Early-life environmental cigarette smoke (ECS) exposure alters airway innervation and increases the incidence of asthma later in life, but the mechanisms remain undefined. We recently identified neuronal P-Rex1 as an important regulator of airway innervation and its expression was markedly down-regulated in mice exposed to early-life ECS. Objective: To define the mechanism and importance of P-Rex1 repression in early-life ECS- induced airway hyperinnervation and hyperresponsiveness (AHR), the pathophysiologic hallmark of asthma. Long-term goal: to determine whether targeting neuronal P-Rex1 provides a new strategy for preventing early-life ECS-related asthma progression. Findings: 1) P-Rex1 is highly expressed in neurons but not airway cells. 2) P-Rex1 knockout (KO) mice exhibit airway smooth muscle (ASM) hyperinnervation and AHR. WT mice exposed to early-life ECS showed similar phenotypes with 60% reduction of P-Rex1 in vagal ganglia. Severing vagus nerves attenuated AHR of these mice. 3) ECS exposure enhances brain-derived neurotrophic factor (BDNF) secretion from ASM cells, serving as a target-derived signal for neurite growth of mouse vagal sensory neurons in vitro. 4) P-Rex1 over-expression blocked BDNF-stimulated neurite growth whereas loss of P-Rex1 markedly sensitized these neurons to BDNF stimulation. 5) ECS-elevated interleukin (IL)-6 down-regulates P- Rex1 and enhances BDNF-stimulated neurite growth that is blocked by a PKC inhibitor. Hypothesis: IL-6 repression of neuronal P-Rex1 plays a crucial role in early-life ECS-induced ASM hyperinnervation and AHR of asthma. We will test this hypothesis using molecular, cellular, and animal models.
Aim 1 : To elucidate the mechanism of early-life ECS-exposure-induced neuronal P-Rex1 repression. We hypothesize that IL-6 represses neuronal P-Rex1 via a PKC-dependent mechanism. We will first use siRNAs to silence P-Rex1 in mouse vagal sensory neurons to assess the importance of P-Rex1 in IL-6 potentiation of BDNF-induced neurite growth. We will then investigate if restoration of P-Rex1 expression attenuates IL-6 stimulatory effects. Finally, we will use inhibitors and siRNAs to identify the PKC isoforms responsible for IL-6-induced P-Rex1 repression and neurite growth.

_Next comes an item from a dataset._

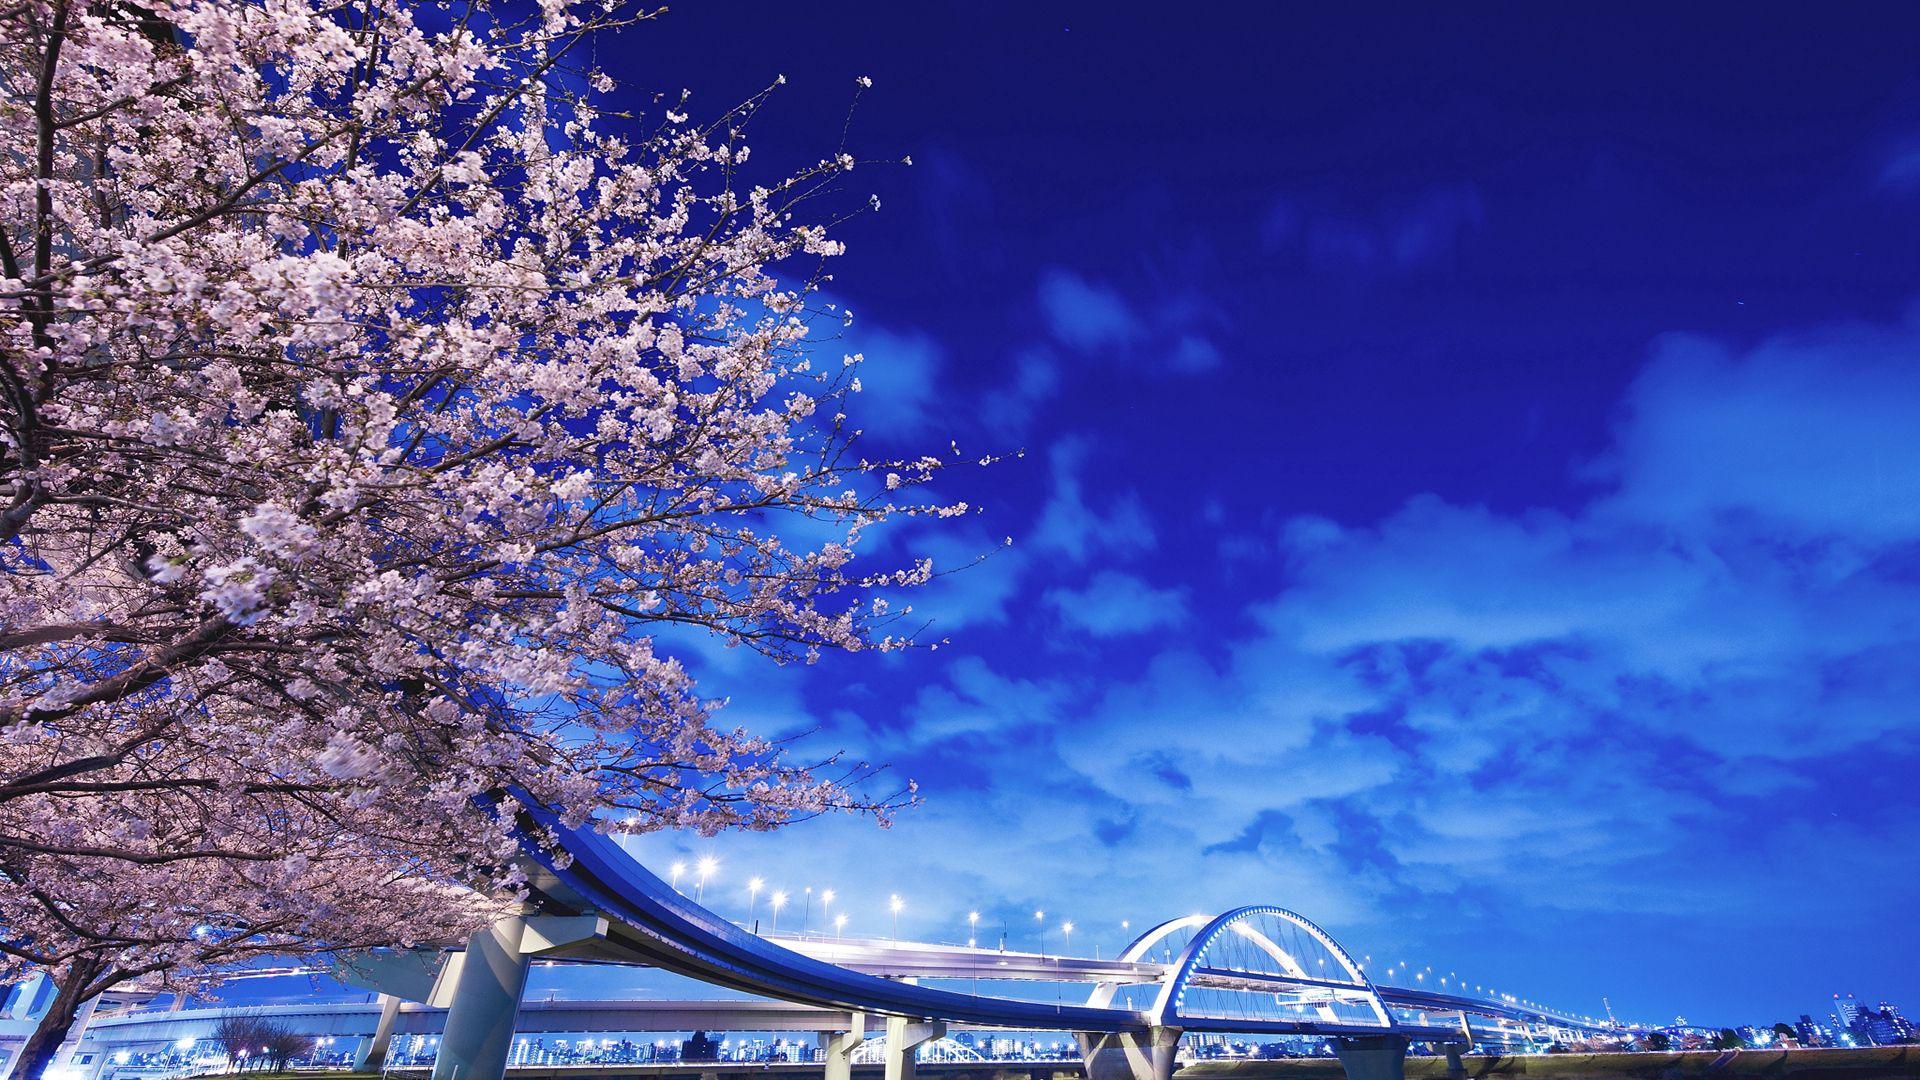 147192 Screensavers and Wallpapers Sakura for phone. Download Cities, Sakura, Bridge, Japan, Hokkaido pictures for free

Aim 2 : To investigate the pathologic importance of neuronal P-Rex1 repression in early-life ECS exposure-related asthma. We hypothesize that IL-6 repression of neuronal P-Rex1 is a critical determinant in the development and severity of early-life ECS-related asthma. WT and P-Rex1 KO mice will be exposed to ECS or air for 10 days beginning on postnatal day (PND) 2. AHR will be assessed by invasive tracheostomy 24h after a re-exposure of mice to acute insult of ECS or allergen house dust mite on PND59. Effects of early-life ECS exposure on ASM innervation and phenotype (remodeling, contractility) will be examined. Whether loss of P-Rex1 exacerbates early-life ECS-induced ASM hyper-innervation and AHR will be determined. Finally, we will determine whether oral administration of IL-6 inhibitor LMT-28 ameliorates early-life ECS-induced mouse AHR by preventing P-Rex1 repression and ASM hyperinnervation.
Health relatedness: Our studies could unravel P-Rex1 repression as a novel neuronal mechanism that integrates target-promoted (ASM secreted BDNF) and inflammation-driven (IL-6) aspects in early-life ECS exposure-induced ASM hyperinnervation and AHR. This will be a major step forward in understanding the initiation of early-life ECS-related asthma, which could lead to development of specific therapies for preventing or even reversing airway hyperinnervation and AHR in these patients.